NOTE 7 - STOCK OPTION PLANS
During 1986, the Company adopted an Employees' Incentive Stock Option Plan (the
"Employees' Plan"). The exercise price of the shares covered by stock options
granted pursuant to the Employees' Plan must be, at a minimum, 100% of the
quoted market value of the stock at the time the option is granted. No options
are outstanding under this Plan.
During 1986, the Company adopted a Directors' Stock Option Plan (the "Directors'
Plan") for the benefit of the non-employee directors of the Company. The
exercise price of the shares covered by options granted pursuant to the
Directors' Plan must be $.80 per share. With respect to each individual option
granted under the Directors' Plan, the Board of Directors will determine
separately the number of shares, the option period, and the limitations which
will apply to the exercise of options. No options are outstanding under the
Directors' Plan.
In January 1993, the Company granted stock options (exclusive of the above
plans) to the officers in lieu of compensation. The options are for 540,000
shares and are exercisable for the five years beginning January 14, 1993 at a
price of $.10 per share, which price was in excess of market value of the
Company's shres at the date of grant. In May 1995, the Company's former
President, Stewart Jackson, exercised all of his options for 320,000 shares of
the Company's common stock at $.10 per share. On December 8, 1997, the board of
directors extended the options granted on 220,000 shares to January 13, 1999,
exercisable at $.10 per share. Options for 220,000 shares are outstanding at
September 30, 1998. Of these outstanding options, options for 160,000 shares are
held by the Company's president, A.G.Foust, and options for 60,000 shares are
held by Dru E. Campbell, assistant secretary of the Company.
F-16
<PAGE>
MONUMENT RESOURCES, INC. AND SUBSIDIARIES
NOTES TO FINANCIAL STATEMENTS
(CONTINUED)
NOTE 7 - STOCK OPTION PLANS (CONTINUED)
The following schedule summarizes information with respect to options granted
under the Company's equity plans:
Weighted Average
Number of Exercise Price of
Shares Shares Under Plans
------- ------------------
Outstanding September 30, 1997 220,000 $.10
Granted - -
Exercised - -
Forfeited or expensed - -
------- -----------------
Outstanding September 30, 1997 220,000 $.10
Granted - -
Exercised - -
Forfeited or expensed - -
------- -----------------
Outstanding September 30, 1998 220,000 $.10
======= =================
NOTE 8 - INCOME TAXES
There is no current or deferred tax expense for the years ended September 30,
1998, and 1997. The Company in 1998 and 1997 had net losses for income tax
purposes.
The deferred tax consequences of temporary differences in reporting items for
financial statement and income tax purposes are recognized, if appropriate.

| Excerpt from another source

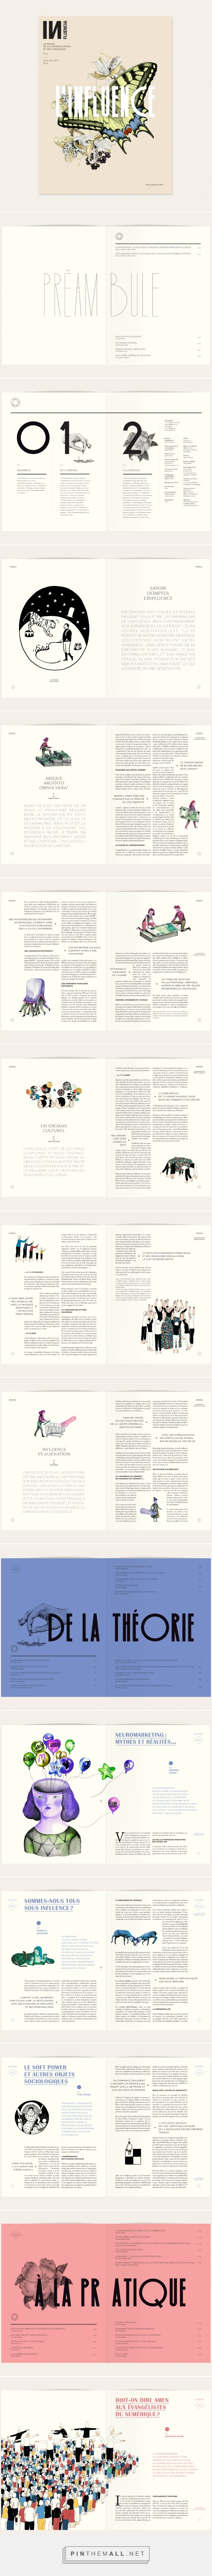 Influencia n°13 on Behance - created via http://pinthemall.net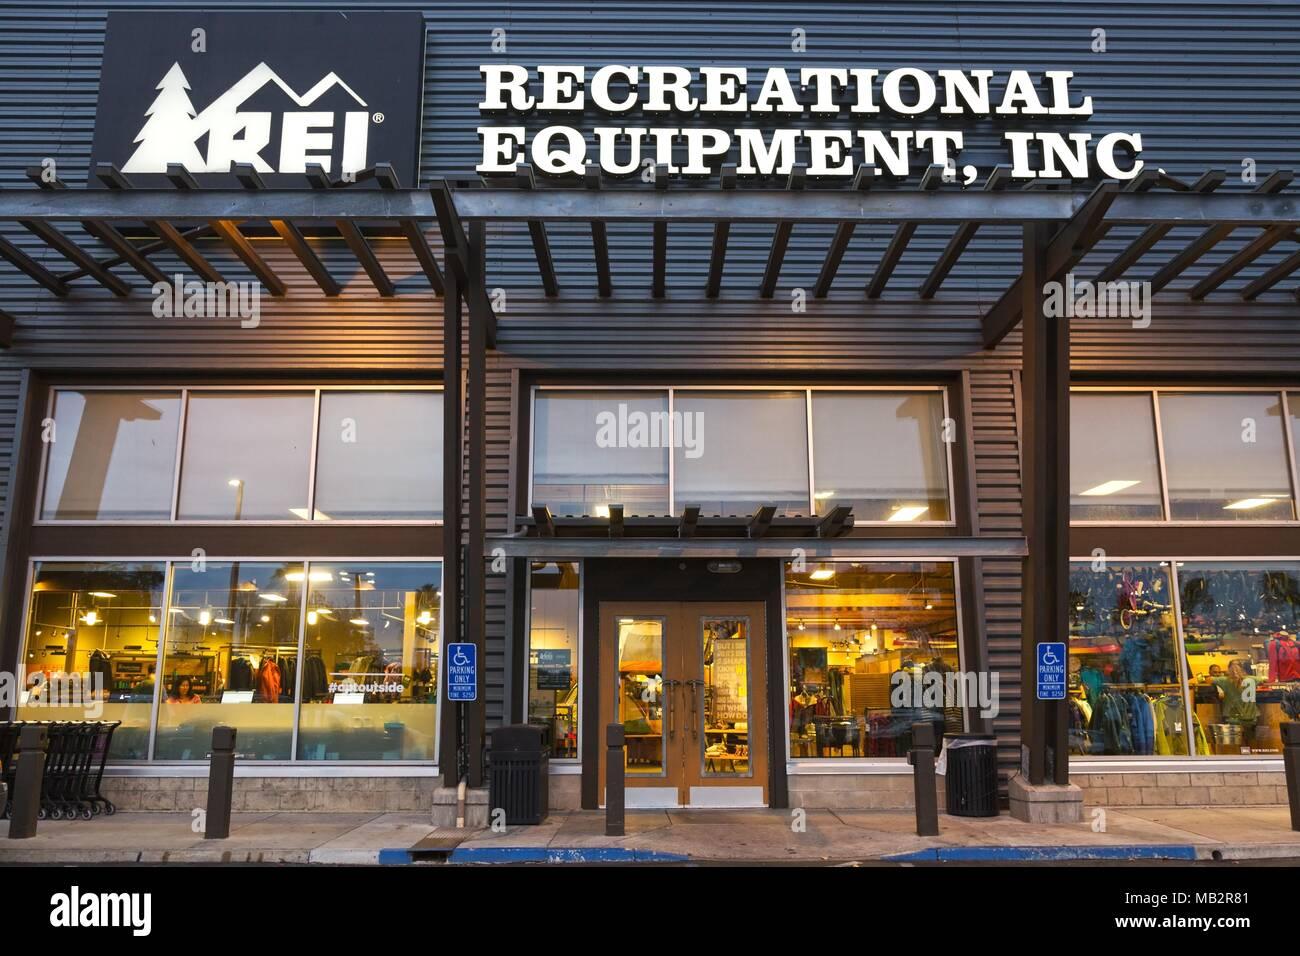 recreational-equipment-inc-rei-building-

Realization of future tax benefits related to the deferred tax assets is
dependent on many factors, including the Company's ability to generate taxable
income within the net operating loss carryforward period. Management has
considered these factors in reaching its conclusion as to the valuation
allowance for financial reporting purposes.
The income tax effect of temporary differences comprising the deferred tax
assets and deferred tax liabilities on the accompanying balance sheet at
September 30, 1998 and 1997 is the result of the following:
1998 1997
---- ----
Deferred tax liabilities -- $ (15,193)
Deferred tax assets:
Net operating loss 209,552 145,456
Securities valuation 125,789 128,499
Oil and gas properties 171,566 --
Pipeline depreciation (49,514) (47,512)
--------- ---------
Total (457,393) (211,250)
Less: Valuation allowance (457,393) (211,250)
--------- ---------
Net deferred tax assets $ -- $ --
========= =========
At September 30, 1998 and 1997, the Company has operating loss carryforwards of
$537,312 and $380,041, respectively. The operating loss carryforwards expire in
2011.
F-17
<PAGE>
MONUMENT RESOURCES, INC. AND SUBSIDIARIES
NOTES TO FINANCIAL STATEMENTS
(CONTINUED)
NOTE 9 - RELATED PARTY TRANSACTIONS
During the years ended September 30, 1998 and 1997, the Company paid $0 and
$12,670, respectively, for office rent, to Powerhouse, then a major stockholder.
At September 30, 1998 and 1997 the Company's current president owned 17.3% and
14.6% of the outstanding shares of common stock, respectively, and one of the
Company's current directors (formerly president) owned 8.9% and 7.55% as of each
year end, respectively.
NOTE 10 - MAJOR CUSTOMERS
The Company derived in excess of 10% of its revenue from various sources (oil
and gas sales and sale of securities) as follows:
Company
A B C D
Year ended: September 30, 1997 67% 12% * *
September 30, 1998 44% * 11% 29%
* Less than 10%
F-18
<PAGE>
MONUMENT RESOURCES, INC. AND SUBSIDIARIES
NOTES TO FINANCIAL STATEMENTS
(CONTINUED)
NOTE 11 - SEGMENT INFORMATION
The Company operates in three industry segments within the United States: (1)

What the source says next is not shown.